2 Ocak 2009 Cuma

Yılbaşı Ertesi ...


Bizdeki belirsizlik yılbaşı gününe kadar devam etti. En sonunda oğlumuzuda alıp Carousel'e gittik. Maksat Yiğit'in oradaki atlıkarıncaya ve jetonla çalışan oyuncaklara binmesi, kuzuya parmak boya almak ve bir şeyler yemekti. Eeee birde Yiğit'in alışveriş merkezini çok sevdiği düşünülürse kuzu için harika bir yılbaşı akşamı programıydı tabiki bizim içinde onla olmak zaten harikaydı.

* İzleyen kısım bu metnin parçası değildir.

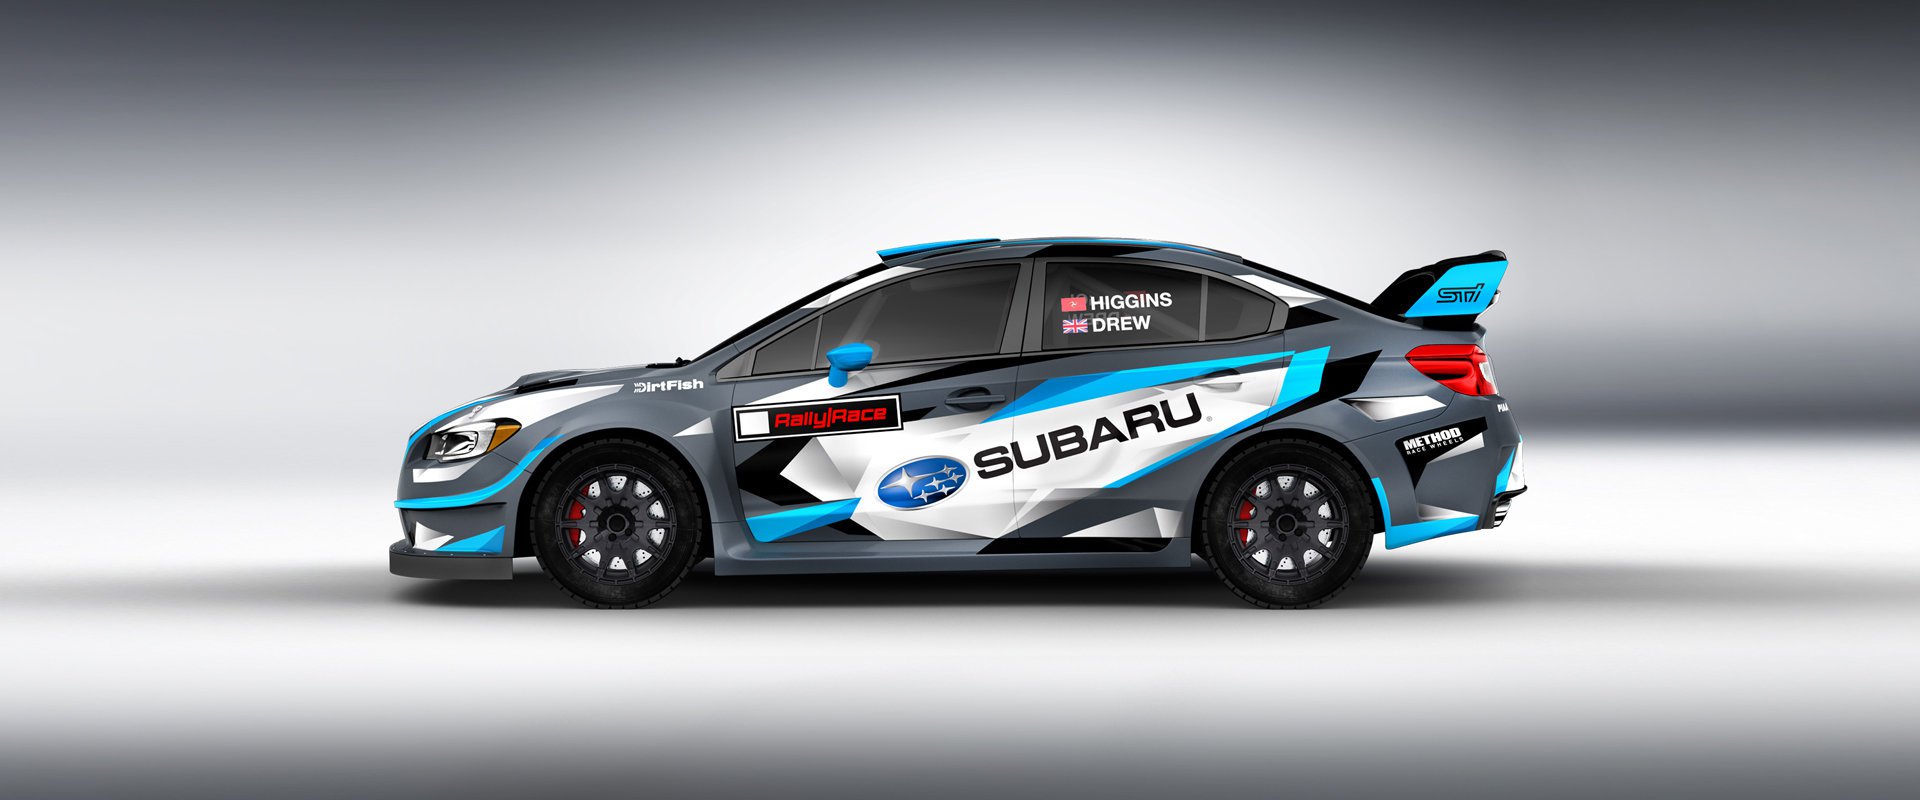 Subaru Rally Team USA #3
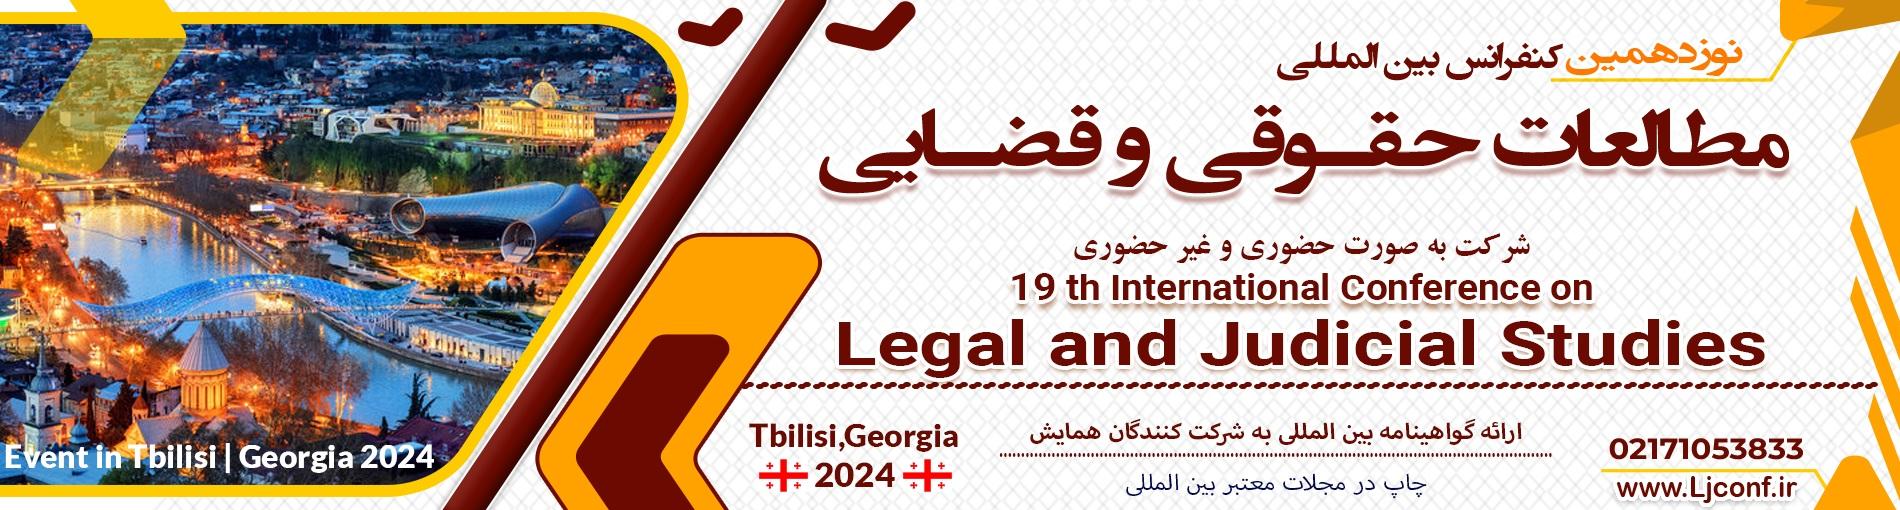 همایش بین المللی مطالعات حقوقی و قضایی

Sokağı çok seven oğlumun atti çığlıklarıyla arabaya bindik. Yol boyunca favori şarkılarımız olan ''bir arslan miyav dedi, mini mini bir kuş, küçük asker''şarkılarını alkışlar eşliğinde söyleyerek Carousel'e gittik. Bilmem bütün çocuklarmı bu alışveriş merkezlerini çok seviyor yoksa bizim kuzumu sevgisini çok abartıyor hiç anlamadım. Görmeniz lazım el havada çığlıklar atarak ortalıklarda dolaşıyor. Bu arada ilk atlıkarınca deneyimimiz ise şaşkınlıkla geçti. Atlıkarıcanın yoğun ışıklarının şaşkınlığı içinde atının önündeki boruya sımsıkı sarılıp babasının koruması altında defalarca döndü etrafında. Sanırım hoşuna gitti. Jetonla çalışan oyuncaklara gelince onlardan daha önce tecrübeliydik. O oyuncaklara bayılıyor, kuzuyu ordan indirebilene aşk olsun.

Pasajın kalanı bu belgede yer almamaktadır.